Polina Marinova Pompliano is the founder of The Profile, a new media company that features long-form profiles of successful people and companies each week. Previously, she spent five years at Fortune where she wrote more than 1,300 articles and earned the trust of prominent investors and entrepreneurs. As the author and editor of Term Sheet, Fortune’s industry-leading dealmaking newsletter, Polina interviewed the industry’s most influential dealmakers, including Melinda Gates, Steve Case, Chamath Palihapitiya, Alexis Ohanian, and more.

Below, Polina shares 5 key insights from her new book, Hidden Genius: The secret ways of thinking that power the world’s most successful people. Listen to the audio version—read by Polina  herself—in the Next Big Idea App.

Hidden Genius: The secret ways of thinking that power the world's most successful people By Polina Marinova Pompliano Next Big Idea Club

1. Manufacturing hardship is key to developing lasting mental toughness.

The definition of mental toughness varies depending on whom you ask, but one commonality is that it’s the ability to endure. Enduring pain, discomfort, and uncertainty for long periods of time doesn’t happen by accident. It happens when you regularly stress-test yourself by intentionally introducing hardship into your everyday life.

A former Navy SEAL, David Goggins was in his early 20s, suffering from asthma, a learning disability, a stutter, and crushingly low self-esteem. He confronted these insecurities for the first time when he signed up for the Badwater 135, a race that requires participants to run 135 miles in 24 hours in the peak heat of Death Valley. To qualify, Goggins had to run a 100-mile race in San Diego, even though he had never run long distance before. The result? Goggins peed blood, nearly passed out, broke the bones in his feet, and endured stress fractures—but he finished the race. This race taught Goggins that he needed to develop mental tools to endure pain.

His first tool came from the Navy; he dubbed it “The 40 Percent Rule.” The rule is the reason why even though most people hit a wall at mile 20 during a marathon, they’re still able to finish. It’s simple: when your mind is telling you that you’re done, that you’re exhausted, that you cannot possibly go any further, you’re probably only actually 40 percent done. “A lot of cars have governors on them at, let’s say, 91 miles an hour,” explains Goggins. “It may only go 91 miles an hour because the governor stops it from going 130. We do the same thing to our brains.

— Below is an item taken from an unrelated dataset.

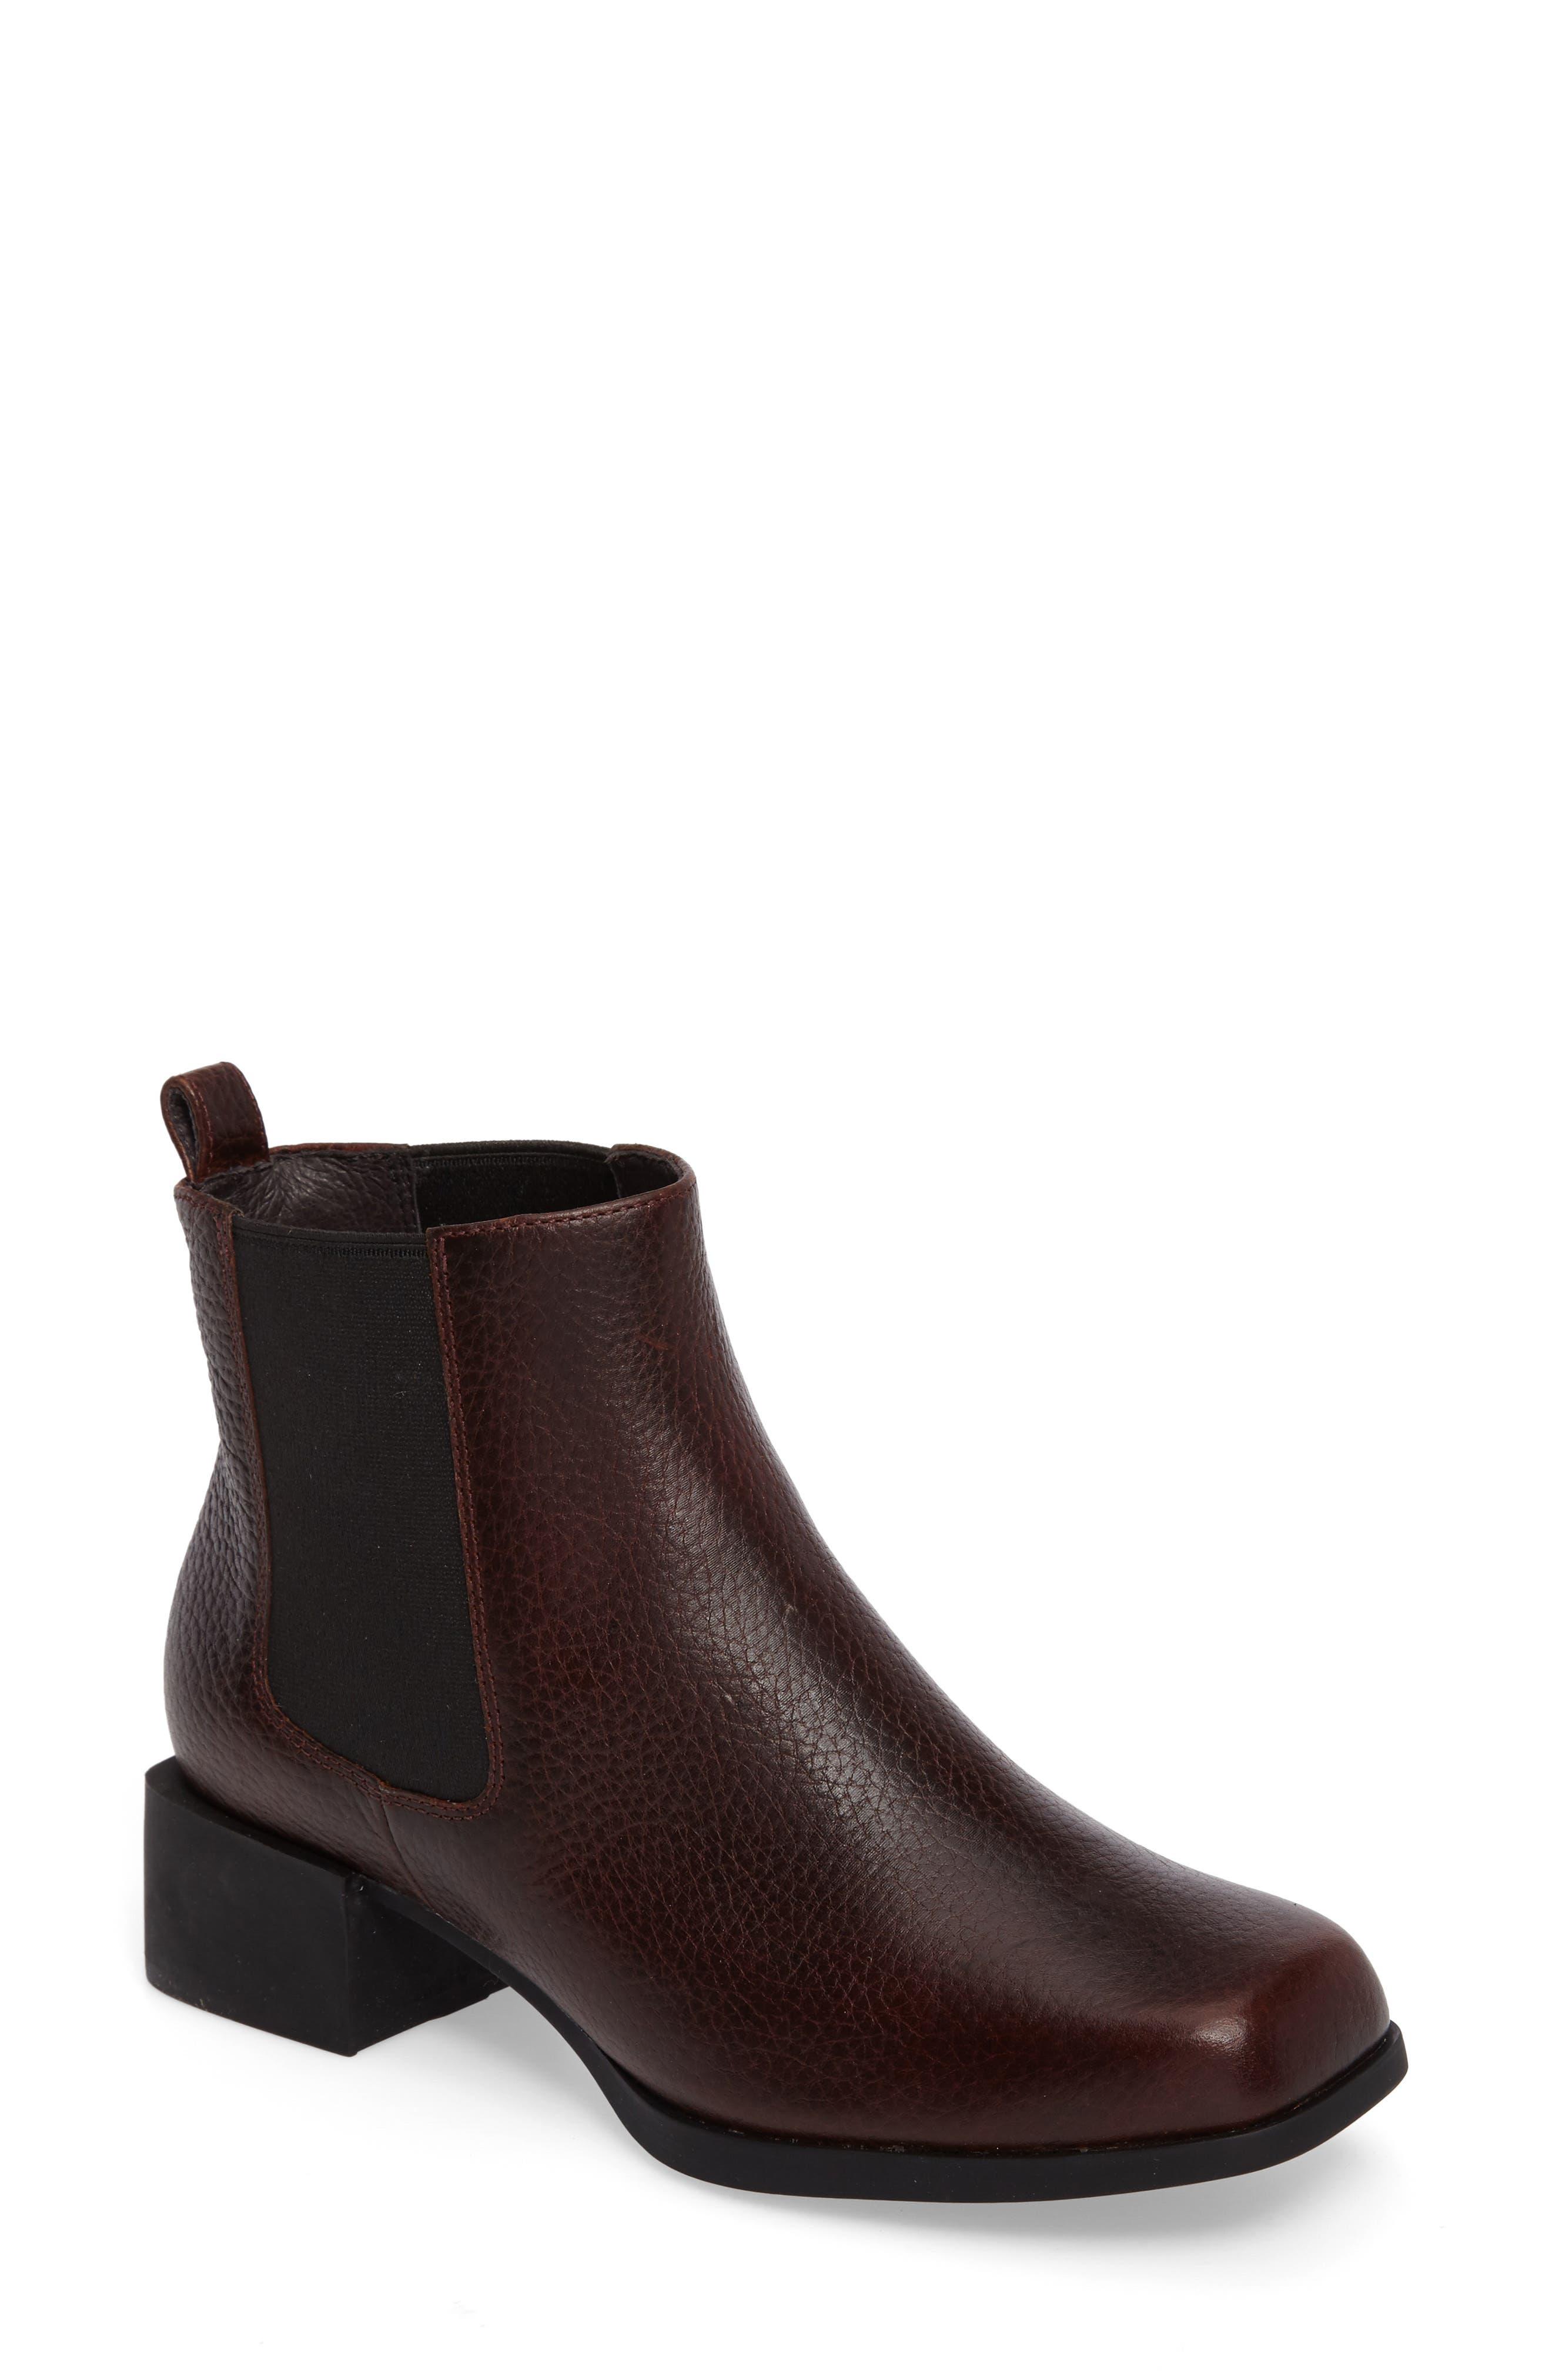 Kobo Chelsea Boot,                             Main thumbnail 1, color,                             Medium Brown Leather

When we get uncomfortable, our brain gives us a way out, usually quitting or taking the easier route.”

“Choosing the path of most resistance builds authentic confidence and lasting mental resilience.”

The second tool Goggins used was what he calls the “accountability mirror,” a way of undergoing controlled emotional pain. When Goggins decided to become a Navy SEAL, he looked at his reflection and said, “You’re fat, you’re lazy, and you’re a liar. What are you going to do about it?” This sounds harsh, but Goggins says that he needed to face his insecurities in order to overcome them. The second half of that statement, the focus on remedies, made it something more than self-criticism. He pasted sticky notes around the outside of the mirror outlining the steps he needed to take to achieve his goals. They would say things like, “Go one day without lying for external validation” or “Go on a two-mile run.”

The third tool he used was deciding to do something that sucks every single day, because suffering begets growth and often, that means acting against your first instinct. It’s pouring rain outside, go for a run anyway. Your house is a mess but you’re tired? Clean it anyway. This way of thinking puts you on the offensive, gets you out of laziness and comfortable routines. Choosing the path of most resistance builds authentic confidence and lasting mental resilience.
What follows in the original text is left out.